For once, an “Expert” book where you not only can, but must take the title seriously. This book is choke-full of information, examples and best practices written by some of the foremost experts in their respective fields. Best of all, they are not afraid of thinking outside the box and the solutions they present are in no way limited to pure PHP and MySQL solutions.
See in-depth review here
Mikko Välimäki:
The Rise of Open Source Licensing: A Challenge to the Use of Intellectual Property in the Software Industry (us; pdf).
phd. theses are not generally known for having short titles :) A great in-depth analysis of how Open Source works in relation to the society around it, and the issues pertaining to copyrights, how the different types of Open Source licenses affect the end user, etc. Among the interesting details is a summary of those times Open Source licenses have actually been challenged legally, and the outcome of those cases. Anyone embarking on an Open Source project that they will want to defend in the future should read this book.
Alex Davies and Harrison Fisk:
MySQL Clustering (us; uk).
If you’re working with or considering MySQL cluster, you will want this book.

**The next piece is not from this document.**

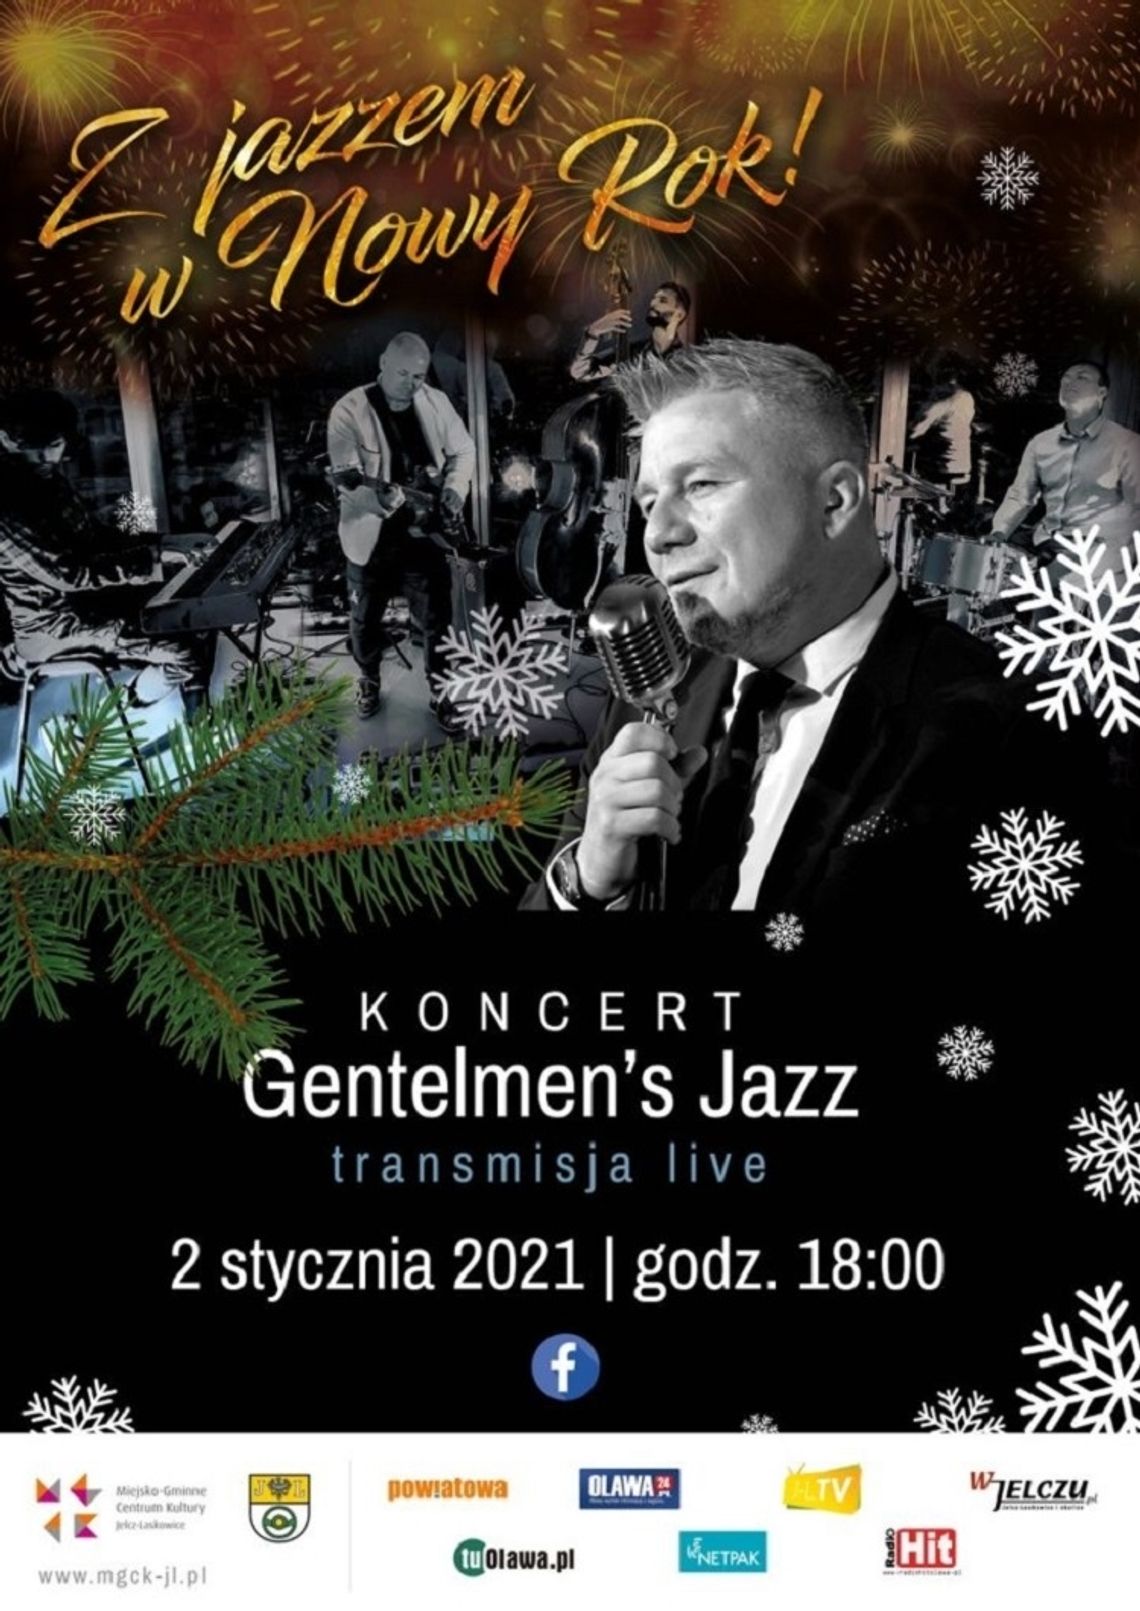 Z jazzem w Nowy Rok!

Period.
See in-depth review here
Jon Stephens and Chad Russell:
MySQL Database Design and Optimization (us; uk).
A great resource for those that have worked their own way through the basics of MySQL and now want to hone their skills on more complex subjects and using more in-depth knowledge. Simple and complex queries, normalization, optimization and transactions are explained in easy-to-understand language, which makes everything very accessible to the reader. See in-depth review below
Paul DuBois:
MySQL, 3rd edition (us; uk).
Whether you’re completely new to MySQL or a seasoned developer, Paul always has something up his sleeve to make you understand why things work like they do or how you can improve your code. This is the third edition (published in April 2005) of what has always been the book on MySQL.
Paul DuBois, Stefan Hinz, Carsten Pedersen:
MySQL Certification Study Guide (us; uk)
(disclaimer: I’m a co-author). This is what you need if you want to do self-studying for the MySQL certification exams. It takes you through all the aspects of MySQL that you need to know to pass the exams successfully.
Richard T. Watson:
Data Management - Databases and Organizations (us; uk).
This book is really great for introducing the whole concept of data managements, how to handle data in an organization. The book starts with an overview of data management needs in corporations, then introduces the concept of databases. As the book progresses, more advanced needs are identified and interchhangeably more advanced database concepts are explained. This book won’t make you a hot-shot DBA or developer, but is still a must-read for anyone that want to know in detail what is needed to effectively handle data in an organization. See in-depth review below
Ben Forta:
MySQL Crash Course
Ben Forta is the author of several “Teach Yourself” books, among which you may be familiar with his Teach Yourself SQL in 10 Minutes (us; uk). His new book, MySQL Crash Course, (us; uk) is an excellent introduction for the beginners and good reference work for those more experienced. The book certainly lives up to it’s name and does not waste the reader’s time with any gentle introductions or long explanations. No stone is left unturned, everything you could want to know when developing MySQL applications is covered in a concise style that is not only quick to read, but also makes it easy to refer back to the book for reference later on. In-depth review here.
Peter Gulutzan & Trudy Pelzer:
SQL-99 Complete, Really! (us; uk).
This is the book I always turn to if I want to know something about the SQL standard. If you’re more than a bit curious as to the precise definition of the SQL language, SQL-99 Complete, Really could be a good starting point. It’s not a book you read cover to cover, but a great reference with a very good index. Covers a lot of the SQL intricacies and goes through some vendor dialects as well. MySQL, sadly, is not mentioned anywhere.
[GPage]Matthew Stucky:
MySQL - Building User Interfaces (us; uk).
Somewhat dated by now. None the less, this is a really good book for bringing you up to speed on creating GUI apps for databases. Unfortunately, the title of the book is very badly chosen. “MySQL” suggests that you can only use this book with the MySQL DBMS, even though many of the SQL examples are really quite general in scope; “Building User Interfaces” suggests that this book contains a general discussion on UI, while it is in fact very heavily centered on GTK+. See in-depth review below

In-depth reviews

Jon Stephens and Chad Russell:
MySQL Database Design and Optimization

August, 2005

This book is a great tool and reference for those that are already familiar with databases in general, and MySQL in particular. The authors do try to bring the reader up to speed in the first chapter, but this is probably too brief an introduction to help someone completely unfamilar with database concepts up to the needed level.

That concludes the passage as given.